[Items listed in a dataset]
* * *
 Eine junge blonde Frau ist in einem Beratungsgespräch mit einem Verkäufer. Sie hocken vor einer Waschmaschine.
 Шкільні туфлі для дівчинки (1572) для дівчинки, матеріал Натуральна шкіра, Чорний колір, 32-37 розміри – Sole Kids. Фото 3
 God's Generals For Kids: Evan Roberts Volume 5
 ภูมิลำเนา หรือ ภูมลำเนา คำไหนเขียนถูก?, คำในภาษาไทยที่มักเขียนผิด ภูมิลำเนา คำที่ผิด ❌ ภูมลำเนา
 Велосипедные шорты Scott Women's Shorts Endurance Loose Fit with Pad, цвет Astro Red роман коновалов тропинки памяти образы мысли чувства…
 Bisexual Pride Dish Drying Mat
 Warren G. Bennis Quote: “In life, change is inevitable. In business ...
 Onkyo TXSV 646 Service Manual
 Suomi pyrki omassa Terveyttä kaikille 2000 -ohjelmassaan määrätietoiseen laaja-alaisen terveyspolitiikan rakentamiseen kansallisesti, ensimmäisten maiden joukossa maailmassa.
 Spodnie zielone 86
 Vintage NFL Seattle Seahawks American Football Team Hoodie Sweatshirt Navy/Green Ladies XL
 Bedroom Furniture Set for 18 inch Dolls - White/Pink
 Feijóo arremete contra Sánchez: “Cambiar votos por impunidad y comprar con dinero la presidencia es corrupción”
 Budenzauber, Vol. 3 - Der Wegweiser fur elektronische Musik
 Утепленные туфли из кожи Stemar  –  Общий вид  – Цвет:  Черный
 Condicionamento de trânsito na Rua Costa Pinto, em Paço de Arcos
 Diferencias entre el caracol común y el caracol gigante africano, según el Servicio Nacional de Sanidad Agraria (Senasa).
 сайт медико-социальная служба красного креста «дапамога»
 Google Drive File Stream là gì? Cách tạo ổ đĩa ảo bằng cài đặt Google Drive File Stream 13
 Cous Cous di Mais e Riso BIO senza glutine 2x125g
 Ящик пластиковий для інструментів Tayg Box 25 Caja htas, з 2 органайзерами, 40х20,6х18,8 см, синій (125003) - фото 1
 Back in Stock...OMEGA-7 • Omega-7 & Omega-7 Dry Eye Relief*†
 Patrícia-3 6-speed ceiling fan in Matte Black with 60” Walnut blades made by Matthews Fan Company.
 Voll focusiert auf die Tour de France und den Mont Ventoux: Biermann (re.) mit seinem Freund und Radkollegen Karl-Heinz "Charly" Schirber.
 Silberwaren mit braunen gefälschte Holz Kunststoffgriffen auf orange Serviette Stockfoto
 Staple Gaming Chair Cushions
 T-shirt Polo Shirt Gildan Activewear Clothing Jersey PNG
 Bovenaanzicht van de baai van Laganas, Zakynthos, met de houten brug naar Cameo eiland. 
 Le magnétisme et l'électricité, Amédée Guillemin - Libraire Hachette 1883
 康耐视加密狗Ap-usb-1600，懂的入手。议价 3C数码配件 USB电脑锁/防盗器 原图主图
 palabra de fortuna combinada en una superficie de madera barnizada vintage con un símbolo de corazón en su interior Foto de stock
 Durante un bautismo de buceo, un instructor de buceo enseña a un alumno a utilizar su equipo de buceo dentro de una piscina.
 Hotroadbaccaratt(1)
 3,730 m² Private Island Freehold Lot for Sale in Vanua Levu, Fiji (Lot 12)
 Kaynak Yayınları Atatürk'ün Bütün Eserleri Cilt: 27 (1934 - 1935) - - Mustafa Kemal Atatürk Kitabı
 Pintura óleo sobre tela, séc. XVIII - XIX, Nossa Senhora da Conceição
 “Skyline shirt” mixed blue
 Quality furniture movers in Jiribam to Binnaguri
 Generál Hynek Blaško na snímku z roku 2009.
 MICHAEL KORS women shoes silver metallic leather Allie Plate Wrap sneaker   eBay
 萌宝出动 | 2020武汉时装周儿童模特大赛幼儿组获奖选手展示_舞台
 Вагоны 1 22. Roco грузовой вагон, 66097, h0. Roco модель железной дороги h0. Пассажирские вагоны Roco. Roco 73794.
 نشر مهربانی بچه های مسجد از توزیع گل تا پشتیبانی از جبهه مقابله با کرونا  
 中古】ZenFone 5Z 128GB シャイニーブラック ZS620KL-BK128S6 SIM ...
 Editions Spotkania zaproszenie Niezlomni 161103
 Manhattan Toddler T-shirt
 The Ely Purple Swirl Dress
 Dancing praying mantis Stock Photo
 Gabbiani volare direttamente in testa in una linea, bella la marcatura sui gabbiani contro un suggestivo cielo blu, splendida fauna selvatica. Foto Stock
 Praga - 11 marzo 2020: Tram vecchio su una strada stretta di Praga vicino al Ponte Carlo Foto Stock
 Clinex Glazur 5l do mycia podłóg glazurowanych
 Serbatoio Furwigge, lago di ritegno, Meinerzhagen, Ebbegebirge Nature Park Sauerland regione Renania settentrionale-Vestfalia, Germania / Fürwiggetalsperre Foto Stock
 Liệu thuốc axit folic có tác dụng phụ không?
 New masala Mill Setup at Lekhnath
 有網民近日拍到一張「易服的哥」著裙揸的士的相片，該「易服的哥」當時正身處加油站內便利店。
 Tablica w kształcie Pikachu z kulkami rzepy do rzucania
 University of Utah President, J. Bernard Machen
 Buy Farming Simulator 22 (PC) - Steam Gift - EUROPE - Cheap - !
* * *
**What to produce:** Give back exactly the lines above, from the line containing "Silberwaren mit braunen" through the line containing "萌宝出动 | 2020武汉时装周儿童模特大赛幼儿组获奖选手展示_舞台", with both end lines and nothing more.

**Exercise answer:**
 Silberwaren mit braunen gefälschte Holz Kunststoffgriffen auf orange Serviette Stockfoto
 Staple Gaming Chair Cushions
 T-shirt Polo Shirt Gildan Activewear Clothing Jersey PNG
 Bovenaanzicht van de baai van Laganas, Zakynthos, met de houten brug naar Cameo eiland. 
 Le magnétisme et l'électricité, Amédée Guillemin - Libraire Hachette 1883
 康耐视加密狗Ap-usb-1600，懂的入手。议价 3C数码配件 USB电脑锁/防盗器 原图主图
 palabra de fortuna combinada en una superficie de madera barnizada vintage con un símbolo de corazón en su interior Foto de stock
 Durante un bautismo de buceo, un instructor de buceo enseña a un alumno a utilizar su equipo de buceo dentro de una piscina.
 Hotroadbaccaratt(1)
 3,730 m² Private Island Freehold Lot for Sale in Vanua Levu, Fiji (Lot 12)
 Kaynak Yayınları Atatürk'ün Bütün Eserleri Cilt: 27 (1934 - 1935) - - Mustafa Kemal Atatürk Kitabı
 Pintura óleo sobre tela, séc. XVIII - XIX, Nossa Senhora da Conceição
 “Skyline shirt” mixed blue
 Quality furniture movers in Jiribam to Binnaguri
 Generál Hynek Blaško na snímku z roku 2009.
 MICHAEL KORS women shoes silver metallic leather Allie Plate Wrap sneaker   eBay
 萌宝出动 | 2020武汉时装周儿童模特大赛幼儿组获奖选手展示_舞台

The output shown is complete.